In the process of appeals for the veteran, there will come into play a DRO Review or Hearing. A DRO is a Decision Review Officer who works for the VA. After a Notice of Disagreement (VA Form 21-0958) is filed with the VA by the veteran to appeal a denial or partial denial of a claim for disability benefits, the VA will notify the veteran in writing that he or she has a right to have the decision reviewed by a hearing officer, or a de novo (Latin for “from the beginning”) review. Technically, there are DRO conferences (informal phone calls with the DRO) and DRO Hearings (formal recorded hearings at the VA Regional Office).
There are three things a veteran wants out of a DRO review:
- The first favorable outcome of a DRO review is a grant of the sought disability benefits. Obviously, this is the most favorable outcome for the veteran. The VA DRO Review concludes that the initial rater erred and that the veteran is entitled to a full grant of all VA benefits. Beware, though. The VA and veterans have distinctly different ideas about what constitutes a full grant. Whereas the VA thinks a full grant is whatever it is they decided, regardless of what the veteran claimed, the veteran thinks a full grant is everything they asked for. It is not hard to figure out who is right. The VA use of the “full grant of benefits” language in almost every DRO Ratings Decision that includes a grant of some benefits is, to say the least, misleading.
- The second favorable outcome of a DRO review is a Statement of the Case (SOC). An SOC is a continued denial of the benefits sought. Why favorable? In the mind of a veteran, a denial is a denial. Not exactly. The only time a veteran knows for certain that his/her C File is on a raters desk is when they receive a decision letter from them. The trick is, upon receipt of a decision letter, to immediately turn around and submit a VA Form 9 (Appeal to Board of Veterans’ Appeals) directly to the DRO. By doing this, a veteran stands a pretty good chance of shaving 1-2 years off the time they have to wait for a BVA Hearing. The average wait time for a BVA hearing after submission of a VA Form 9 is 2 years and 3 months. If the DRO commits to issuing an SOC within 30 days of the DRO hearing, there is more of a chance of shaving off a bit of the wait time for the appeal. But, again, be warned. This is not always a guarantee.
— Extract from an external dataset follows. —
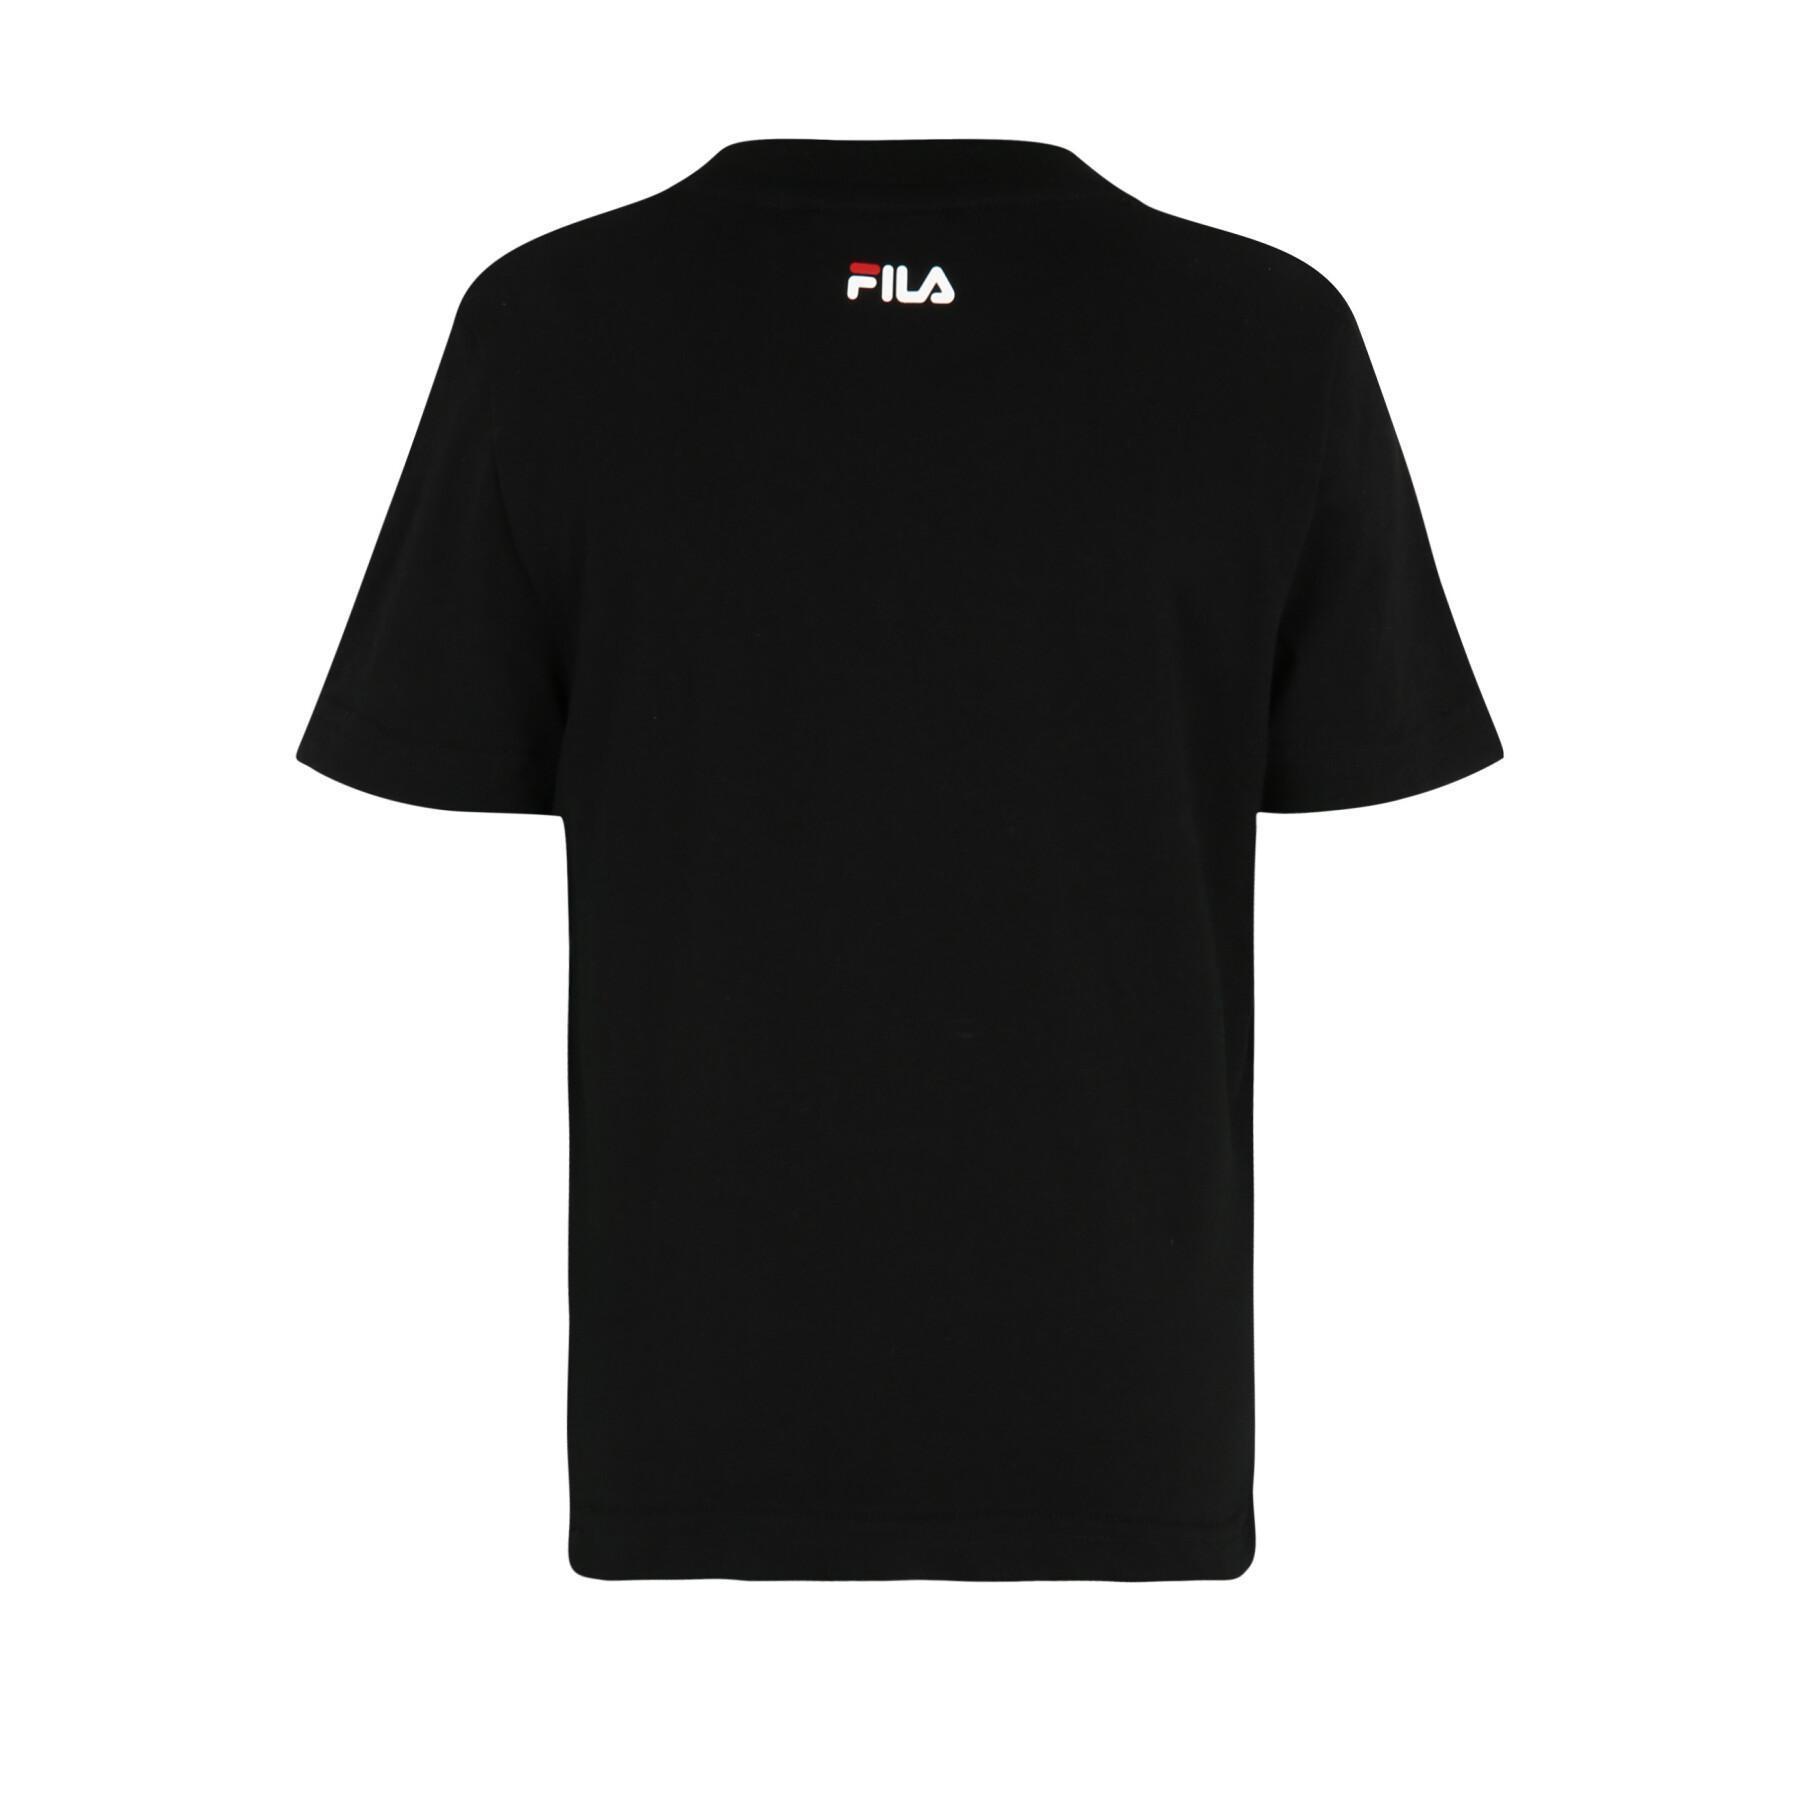 T-shirt manches longues enfant Fila Baia Mare Classic Logo

- The third favorable outcome of a VA DRO review is to get the DRO to agree to schedule a C&P (Compensation and Pension) exam. Again, why favorable? It is because it is in the best interest of the veteran to have the VA go on the record first with a medical opinion letter. If it’s negative, the veteran can get a private medical opinion to counter the C&P opinion. When that happens, the VA becomes trapped. If the VA gets a second opinion to counter the veteran’s expert, they are committing an error known as “Development to Deny”. By challenging the adequacy of the C&P exam and directing the VA to include that information in an appeal, the BVA (Board of Veterans’ Appeals) cannot overlook that evidence without forcing a remand of the appeal.
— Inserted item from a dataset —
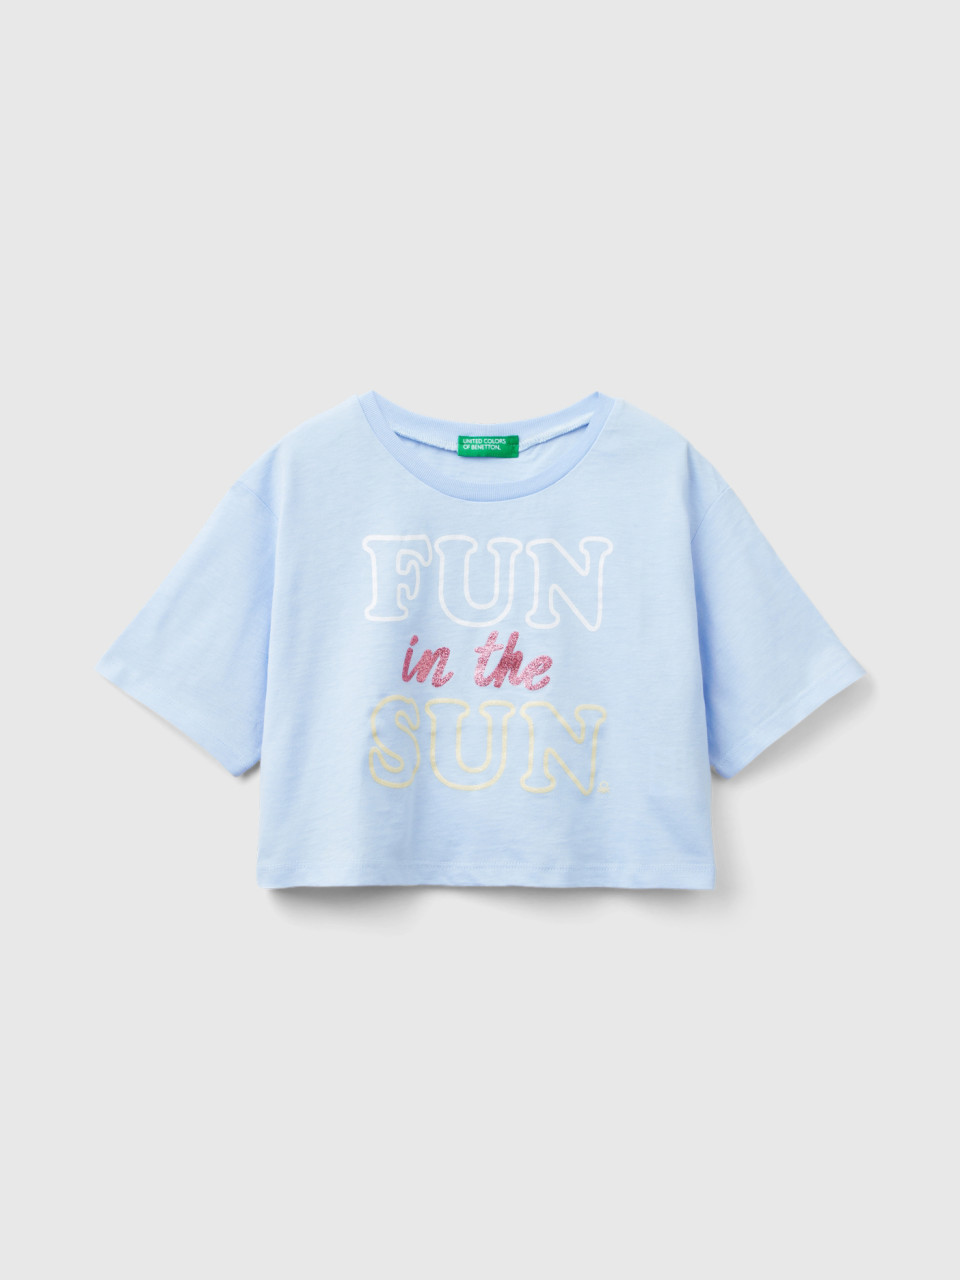 Benetton, T-shirt With Glittery Print, Sky Blue, Kids

In conclusion, it is key for a veteran to know what outcome it is he/she wants from a DRO Review, whether it be a grant of the benefits being sought, an issuance of an SOC, or a C&P exam, then to go about building the case and arguments accordingly. Remember, the first chance a veteran has to request a DRO Review/Hearing is when a Notice of Disagreement (NOD) is filed. If a hearing is not requested when the NOD is filed, the VA will inquire later if the veteran would like a hearing. It is very important to note that a veteran can request a DRO hearing at any time while their case remains at the veteran’s regional VA office.